Проваливаясь в разъеденных ветрами сугробах затемненной улочки под трещавшими над заборами соснами, он во всех деталях вспоминал ночь на Манежной площади, жалкое, опустошенное лицо Михеева в переулке возле церкви, где они встретились, его визгливый голос: «Сам ответишь!» — и всплывал в памяти томительный разговор в отделе кадров с Соловьевым, потом человек с газетой возле стоянки такси на Пушкинской, приезд к Быкову — и, сопротивляясь тому, что подсказывало сознание, вдруг впервые ясно почувствовал взаимосвязь всего этого.
«Что же теперь? — сказал он себе. — Но если бы был Сергей… поговорить с ним, решить!..» — сказал он еще себе и сейчас же подумал об Асе, а подумав о ней, представил ее лицо: он боялся его увидеть.
«А как же Ася? Как же Ася? — подумал он опять. — Трус! Сволочь! Храбрился перед этим Соловьевым, Перед Быковым, перед Михеевым… Ложь! Обманывал себя, а правда, вот она — дрожание коленок…»
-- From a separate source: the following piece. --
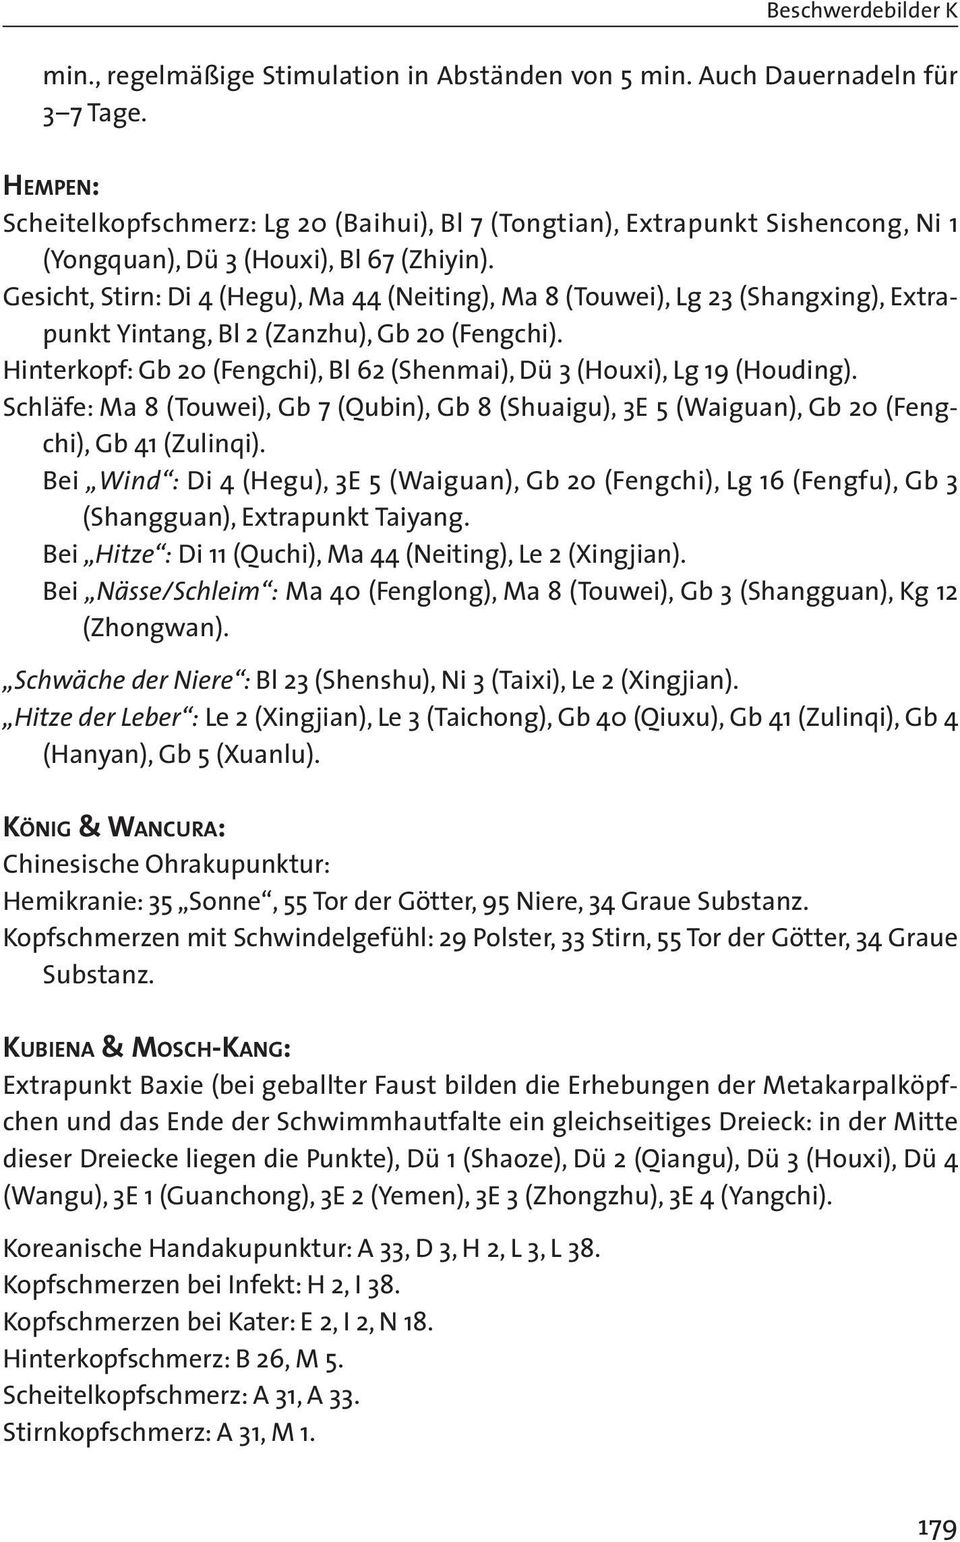 Gesicht, Stirn: Di 4 (Hegu), Ma 44 (Neiting), Ma 8 (Touwei), Lg 23 (Shangxing), Extrapunkt Yintang, Bl 2 (Zanzhu), Gb 20 (Fengchi).

Спотыкаясь, весь потный, он перешел пути под опущенным шлагбаумом, низко над землей басовито звенели телеграфные провода, светящиеся полосы рельсов уходили в раздвинутый впереди коридор лесов.
Отдыхая, поворачиваясь боком к ветру, он поднялся на платформу, по-ночному освещенную тусклым островком вздрагивающих фонарей. Ветер хлопающим громом налетел на деревянное зданьице, холод пронизал потное тело — и, затягивая шарф, ускоряя шаги, он вошел под крышу станции.
Тут, казалось, теплее было, покойнее, стояли изрезанные, щербатые скамейки, за окошечком кассы занавесочка висела, чуть шевелилась: ветер пробирался и туда. Константин, придерживая поднятый воротник, поискал на стене расписание.
— Ждешь, дядя, никак электричку? — послышался голос за спиной.
Константин обернулся.
— А?
В дальнем углу на скамье под лампочкой сидел плотный небритый парень в кожаном пальто и рядом другой — узкоплечий, с мальчишечьим лицом, в телогрейке, в ватных брюках. На скамье перед ними — бутылка водки, раскрытые консервы, оба деловито ели ножами из банки. Оглядев Константина, парень в кожанке отпил глоток из бутылки, передал ее узкоплечему.
— Когда… электричка в Москву? — спросил Константин.
— Неграмотный, дядя? — Узкоплечий, жуя, подошел к расписанию, стал водить, как указкой, кончиком ножичка по столбцам, обернул свое подвижное мальчишечье лицо и, смешливо пришепетывая, произнес сквозь щербинку меж зубов: — В пять утра первая… Бабушка, дедушка. Точно запомнил время, усики? Грузин?
— Пошел к черту, — проговорил Константин. «В пять утра… В пять!»
— Иди, Вась. Рубай, — вялым голосом позвал парень в кожанке.
Константин, согревая руки в карманах, прислонился плечом к деревянной стене, лихорадочно соображая, что делать сейчас, — и смотрел на жующих в углу парней, но смутно видел их лица.
Они ели молча.
«Значит, в пять. Значит, в пять утра? Ждать до утра?»
Ветер налетел на платформу, напоры его гулко разрывались вокруг станции, и донесся — может быть, почудилось — из ночи, из хаоса звуков слабый свисток паровоза, его тотчас смяло, унесло, как будто струйка ветра беспомощно пропищала в щели.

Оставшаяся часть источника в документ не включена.